Judge Pohl kept asking for evidence that eavesdropping was happening, and the defense kept saying it needed time to prove that it was.
An hour later, the judge had given the defense attorneys a day to investigate their motion and the prosecution had suggested a partial solution: changing the microphones so they are push to “talk” instead of push to “mute.” With those two things decided, the judge adnjourned the session for the day.
Eventually, the case will be one of dueling narratives. The prosecution will focus on the attacks on the World Trade Center and the Pentagon, and the defense will talk about the treatment of their clients after their capture (The CIA has admitted to waterboarding Khalid Sheikh Mohammed in a black site 183 times.).
The hearings this week, however, are shaping up to be as much about the court system created to try terrorists at Guantanamo as it will be about the men in the dock.

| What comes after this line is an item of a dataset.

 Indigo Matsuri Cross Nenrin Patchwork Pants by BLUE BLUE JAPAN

“The defense doesn’t spend time attacking the jurisdiction, legitimacy or the authority of the southern district of New York or the Eastern District of Virginia, that’s kind of the color of the wall paper,” says Ben Wittes, who edits and writes for the Lawfare Blog which, among other things, tracks the progress of the military commissions.”

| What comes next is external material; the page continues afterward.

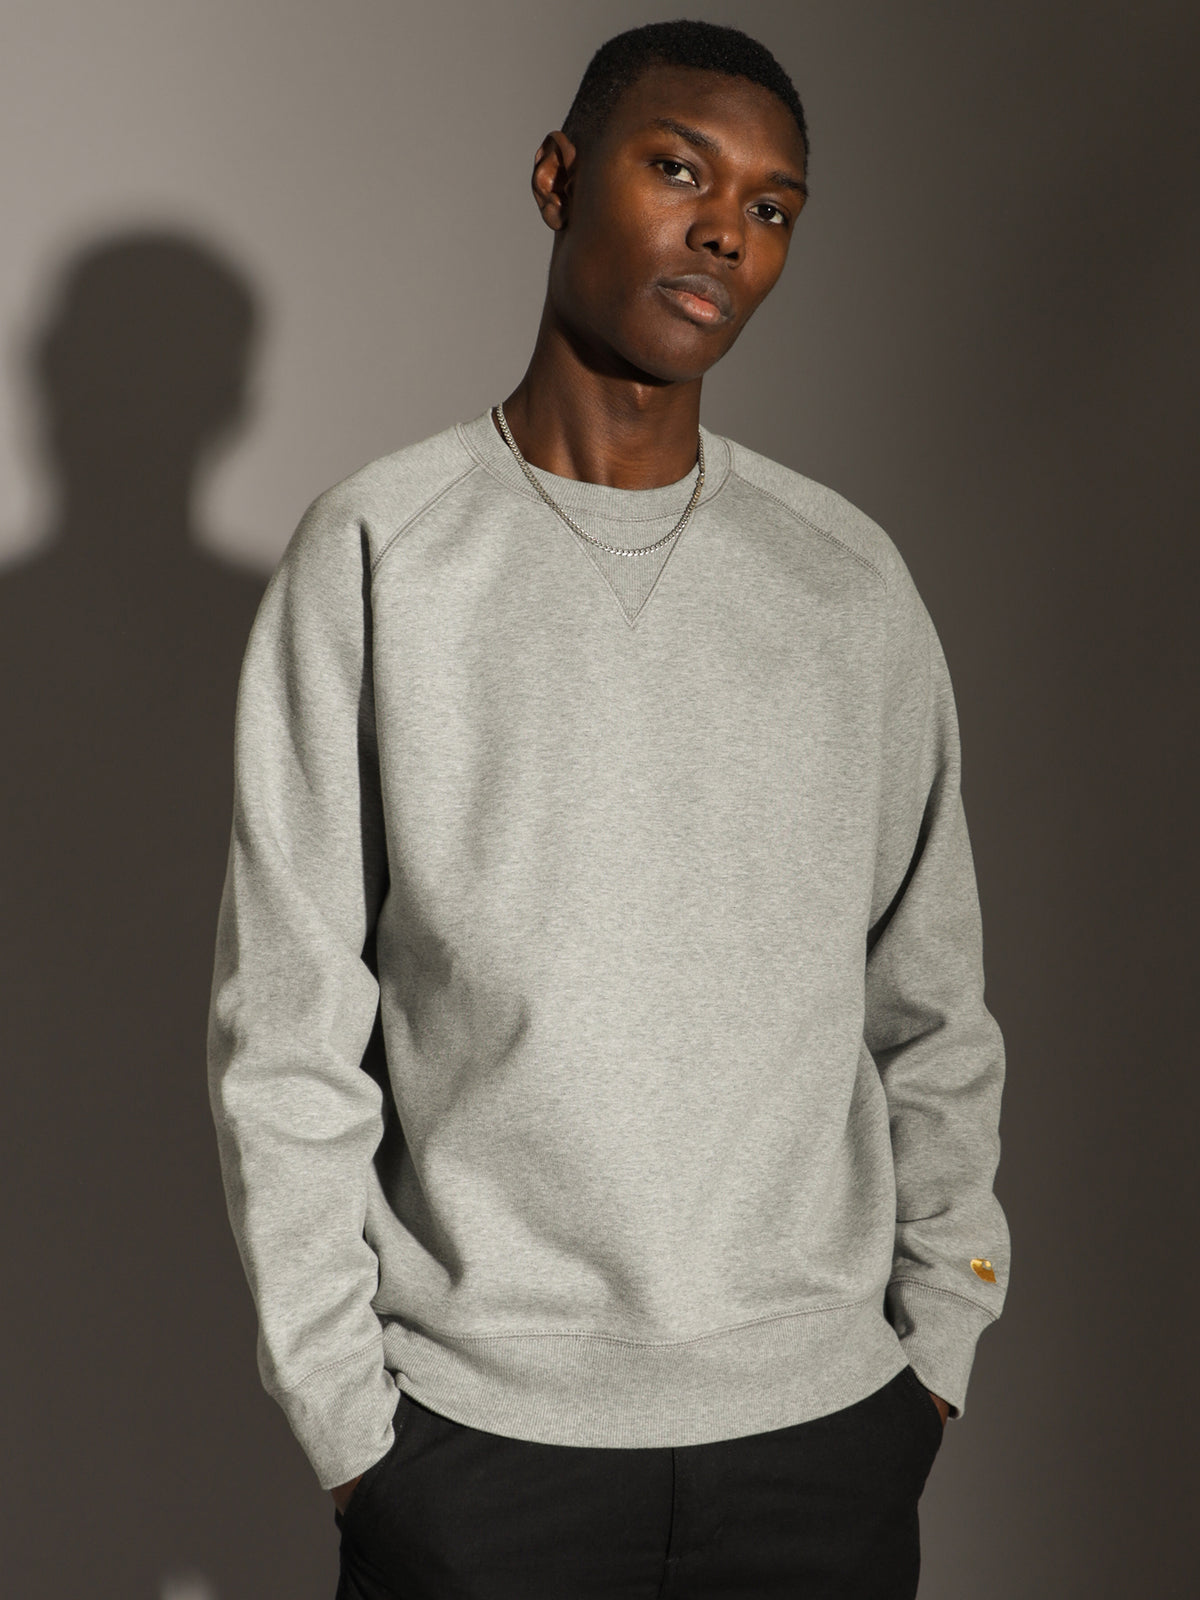 Chase Sweatshirt in Grey

In the military commissions you have all the litigation you’d have in a federal court, but then you have this other layer in which people are arguing about the tribunal itself,” he says.
“My staff and I spent a full week diligently running every rumor to ground, and I can say unequivocally that no entity of the United States government is listening to, monitoring, or recording communications between the five accused and their counsel at any location,” chief prosecutor Brig. Gen. Mark Martins said in a written statement on Sunday night. He said his staff had done their best to “prove a negative.”

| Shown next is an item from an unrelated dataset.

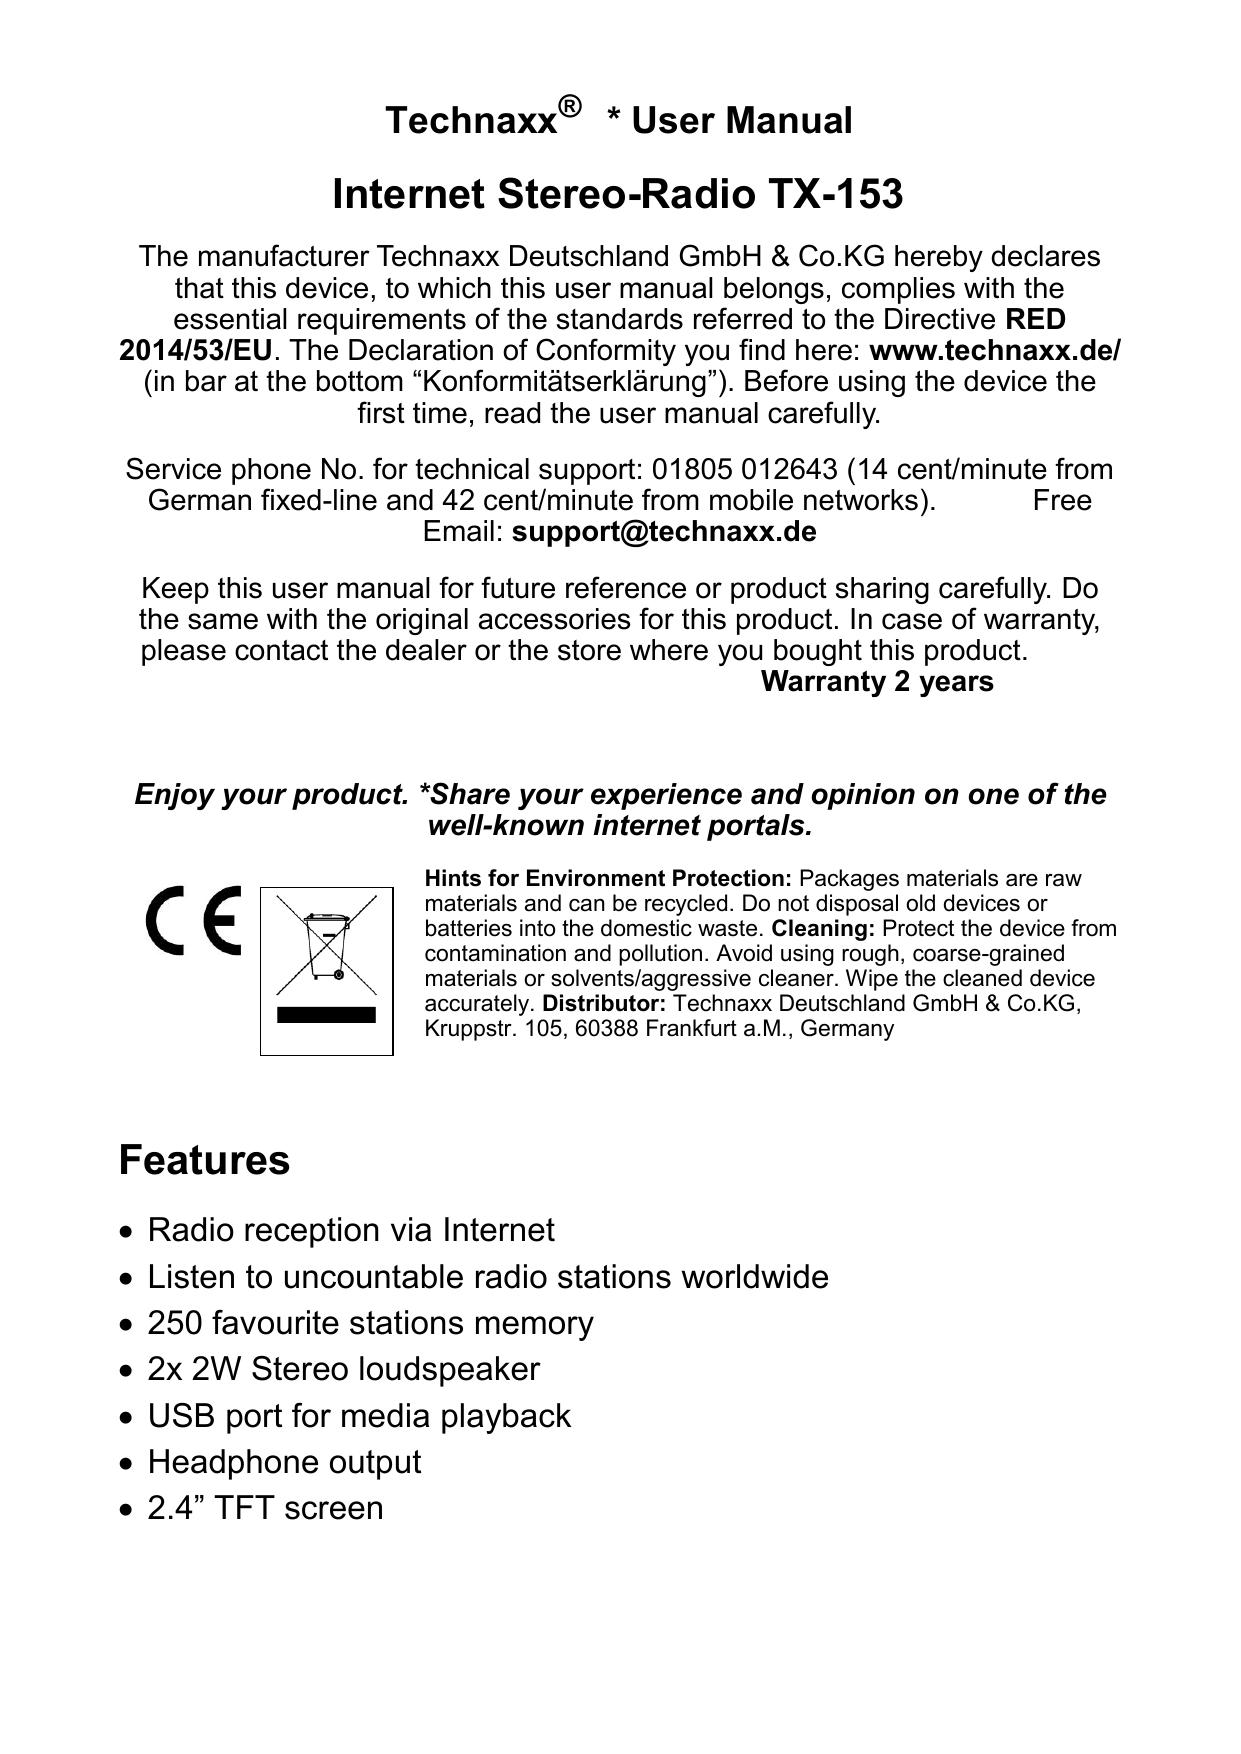 Technaxx TX-153 Internetradio | Manual Manualzz Owner\'s

“There are a whole bunch of problems with Guantanamo,” says Karen Greenberg, who runs the Center on National Security at Fordham Law School.
“The question is: can they get around these issues in such a way to try these cases [and] bring them to a conclusion in a way that you can say we had a legitimate courtroom proceeding that has democratic standards attached to it?” Greenberg says. “It is extremely difficult.”
The secret monitoring of the proceedings is just one example of a host of problems. Wittes says the commissions have been bogged down — the arraignment in which the defendants didn’t even enter pleas was nearly a year ago — because lawyers aren’t just litigating the facts of this case, as you would expect in federal court, but are arguing about the tribunal itself.
“Unlike a federal court proceeding where you have many many years and decades of trial practice and precedent, in the military system you don’t have that reservoir of experience,” he says. “Neither the judge nor the lawyers can say: this is the way we’ve always done it, so they have to discuss everything.”
The defense motions still on the docket for this week, for example, include several attempts to get all the charges dismissed on procedural grounds. The defense says the charges weren’t filed properly and that the retired admiral who oversees the commissions wasn’t constitutionally appointed.
Those kinds of issues were settled in federal court long ago, not at Guantanamo. This goes a long way toward explaining why at this early stage in the trial, the prosecution is hardly getting a word in edgewise. That, will happen later.
“As you get closer to a trial you talk more about factual issues, a lot more about who did what,” says Wells Bennett. “And that’s not really something the defense wants to get into.”